Bei einem Jahresbudget von 1.7 Milliarden sei es auch relevant, auf welchem Konto sich diese Geldsummen befinden würden. «Ausserdem soll die Finanzabteilung nicht nur graduell nachhaltiger werden. Es soll nicht mehr möglich sein, auch in das nachhaltigste Flugunternehmen zu investieren», verlangt Ulrike Proske. «Deshalb fordern wir auch den totalen Rückzug von Investitionen in fossile Energie und geben uns nicht mit einer Reduktion zufrieden.»

Die ETH gibt sich gemässigt

Robert Perich, Vizepräsident Finanzen und Controlling der ETH, sieht das anders: «Mir ist der Ansatz ‹fossil free› zu eng.» Momentan verfolge die ETH den «Environmental, Social and Governance»-Ansatz, ein Investitionsansatz, der diverse Nachhaltigkeitskriterien berücksichtige. «Langfristig ist das Ziel, aus fossilen Energieträgern auszusteigen, unumgänglich. Wenn wir dies aber nun radikal machen, kollabiert unsere Wirtschaft.» Dies sei nicht die einzige Problematik: «Als öffentlich-rechtliche Institution haben wir beschränkt Drittmittel, die wir investieren können. Im Vergleich mit grossen Pensionskassen wie der Publica sind wir mit unseren 300 Millionen Franken, die wir am Markt angelegt haben, ein 135 Mal kleinerer Player», argumentiert er. Das bestehende Angebot an nachhaltigen Finanzprodukten könnten sie deshalb nur schwach beeinflussen und müssten sich nach den Produktangeboten der Banken richten.

Das Potential ist noch nicht ausgeschöpft

«Die ETH unternimmt in Punkto Nachhaltigkeit bereits einiges, im Bereich nachhaltiger Investitionen ist es jedoch sicherlich noch nicht das Maximum», räumt Robert Perich ein. Die Anlagen der ETH befinden sich grösstenteils bei der UBS und werden dort in Form eines passiv verwalteten Vermögensmandats angelegt. Auf die Frage, ob man nicht bei nachhaltigen Banken anlegen könne, schüttelt er den Kopf: Sie hätten aufgrund rechtlicher Vorschriften und ihres ausgedehnten Forderungskatalogs begrenzte Auswahl. Trotzdem: Bestimmte nachhaltige Investitionsprinzipien würden berücksichtigt. «Sämtliche Anlagen unterliegen der Ausschlussliste des Schweizer Vereins für verantwortungsbewusste Kapitalanlagen.» Deren Ausschlussempfehlungen beinhalten mehrheitlich ausländische Waffenfirmen und berücksichtigen somit die Menschenrechte. Daran halten sich aber mittlerweile schon die meisten Schweizer Banken.

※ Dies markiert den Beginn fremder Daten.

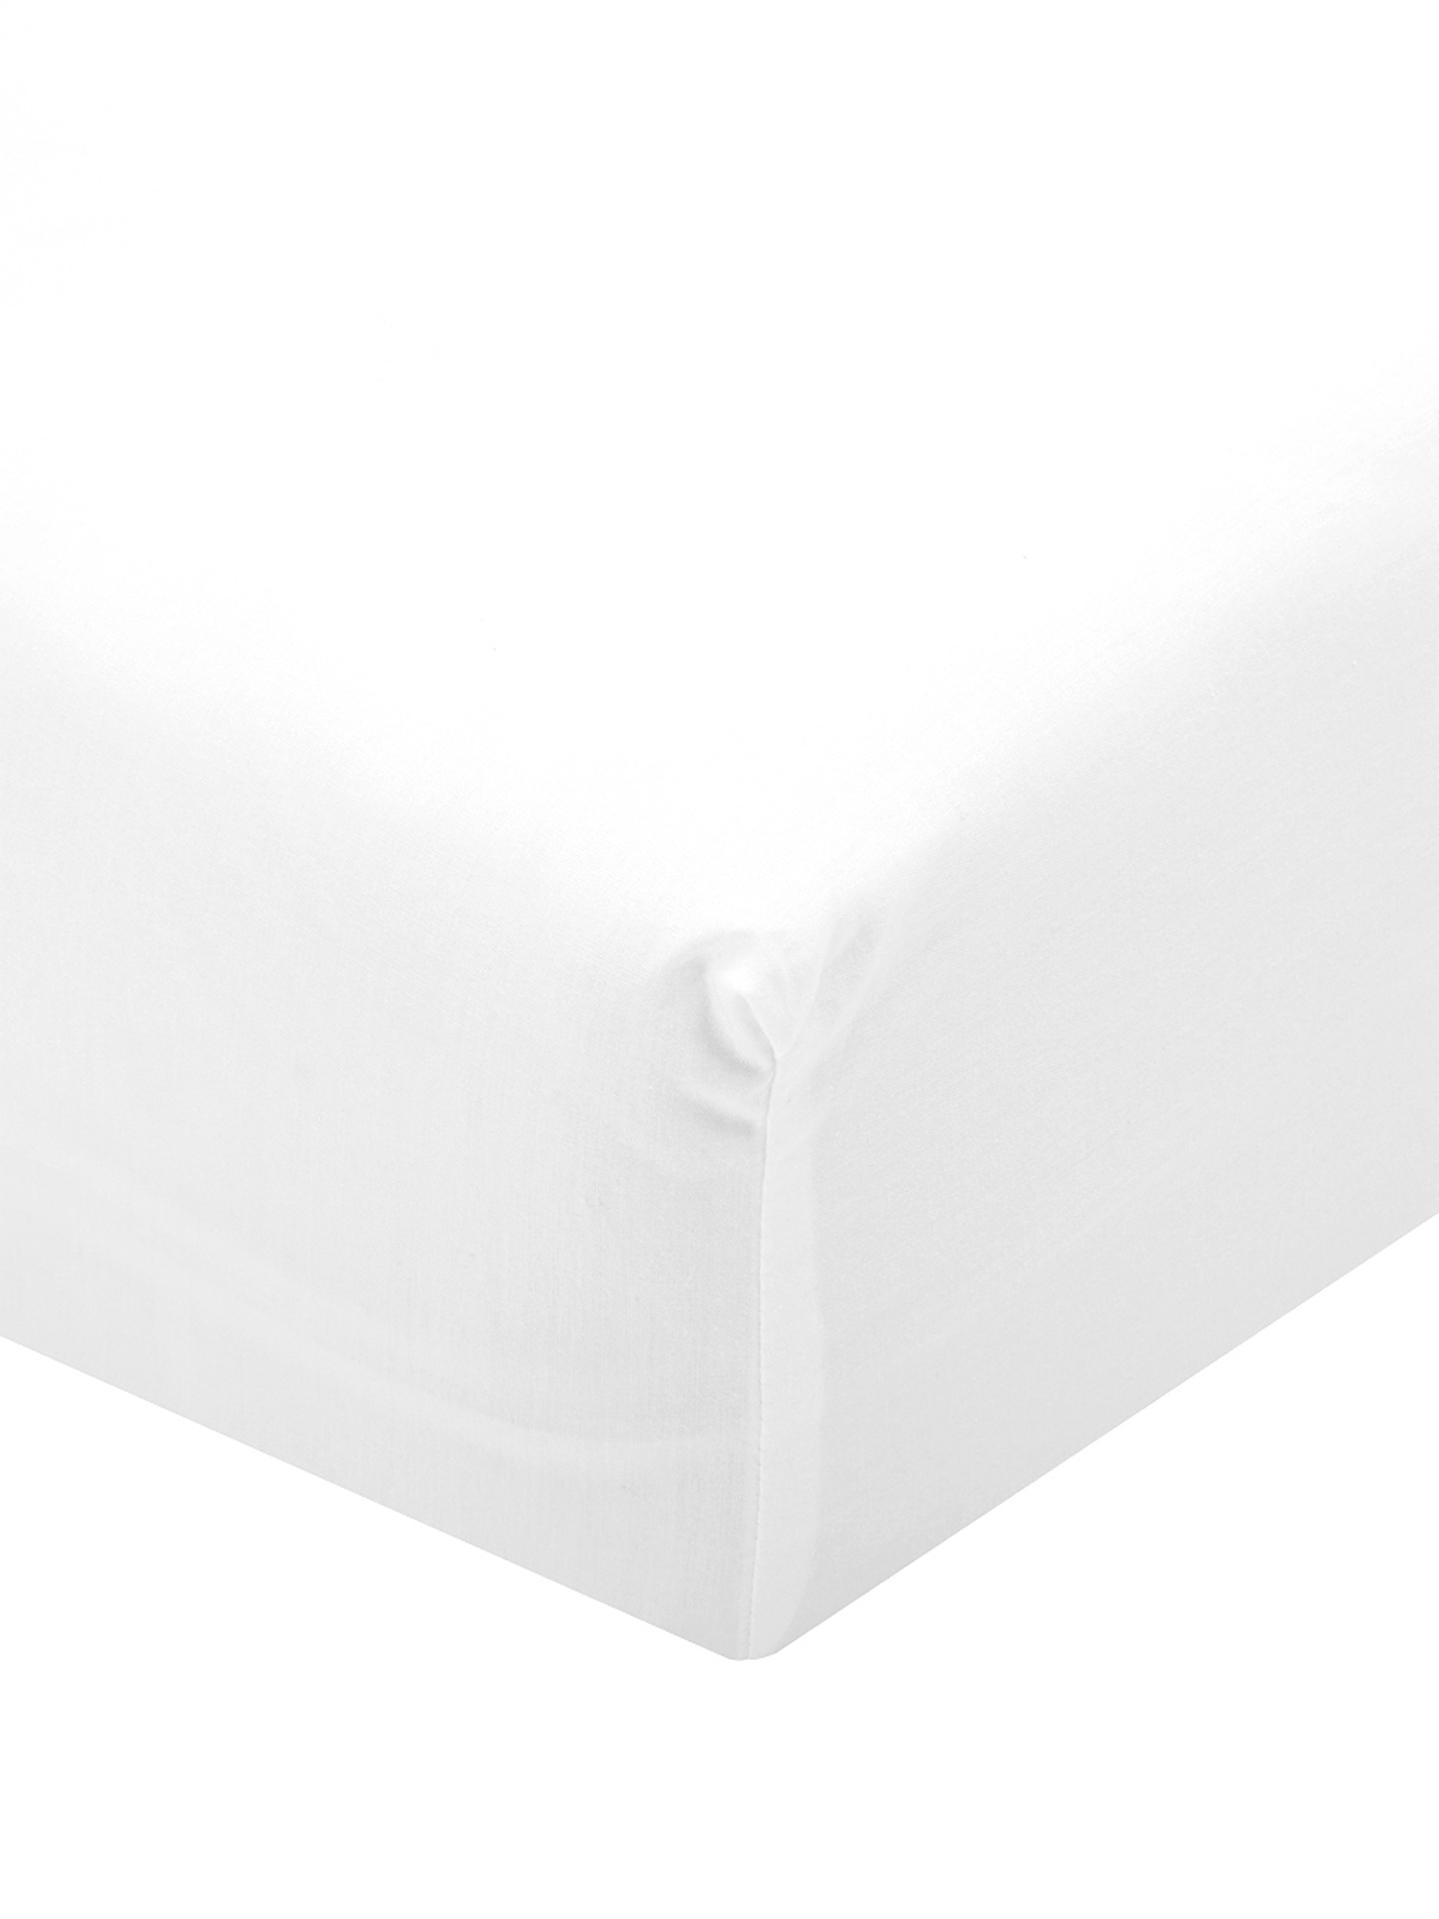 Sábana bajera de percal Elsie, Blanco, Cama 180 cm (180 x 200 cm)
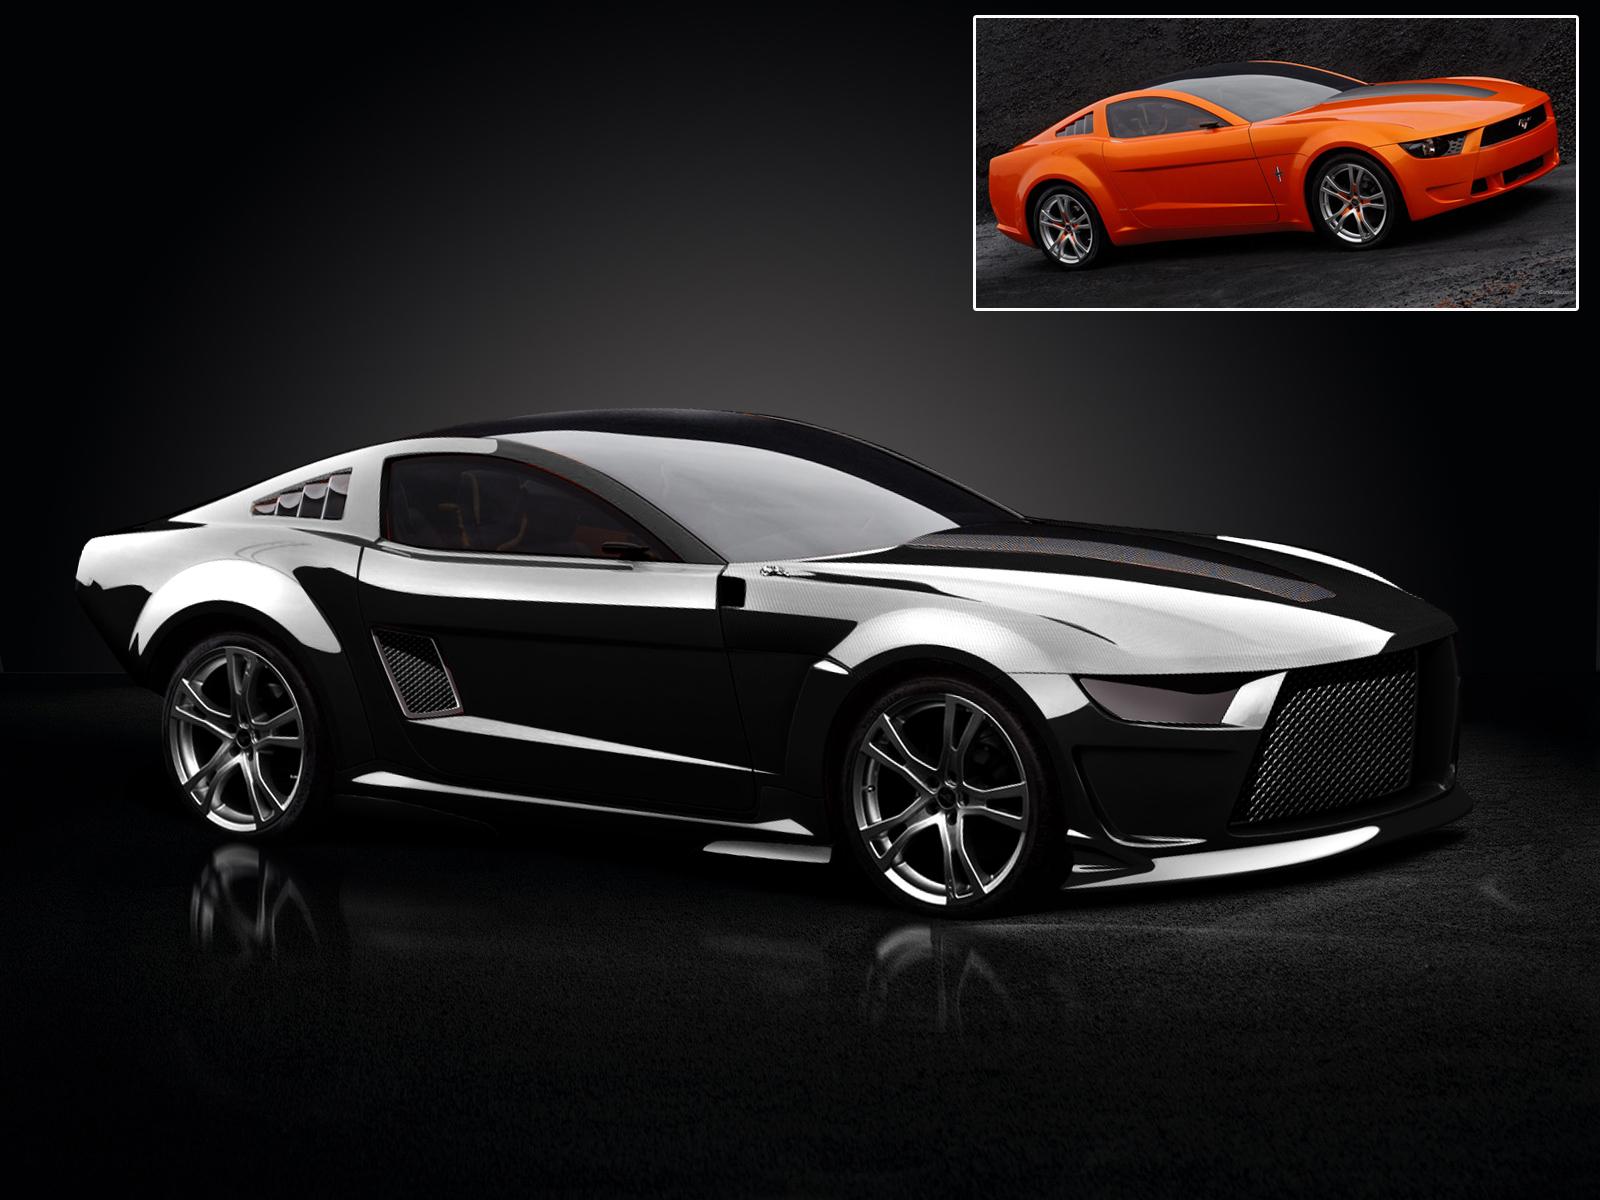 http://2.bp.blogspot.com/-nJ-CKleDGFw/TcMy0owvCmI/AAAAAAAAABY/4nUvZZuw5fk/s1600/Ford_Mustang-GiugiaroBlackHT.jpg

«Es fehlt der ETH noch an Eigeninitiative. Denn Produkte für passiv verwaltete Vermögen werden durchaus schon angeboten, wie beispielsweise durch die Ethos Stiftung», argumentiert Leon Beck. Der Wille sei zwar vorhanden, es brauche aber noch mehr Engagement, das würden auch die genannten ESG-Kriterien zeigen: «ESG-Faktoren sind nicht fest definiert, man kann sich also sehr schnell damit schmücken, ohne Veränderungen vornehmen zu müssen.» Deren Erwähnung besage lediglich, dass man sich mit den drei Themen beschäftige, es sei aber kein Gütesiegel. Deshalb brauche es Druck von aussen. «In Zukunft müssen aber auch vermehrt Drittmittel und deren Herkunft unter die Lupe genommen werden», findet Leon Beck. Die ETH weite dies seit Jahren immer stärker aus. Mittlerweile betragen sie beinahe 25 Prozent des Gesamtbudgets. «Deshalb wird auch die Frage, wer unsere Hochschulen finanziert, immer relevanter.»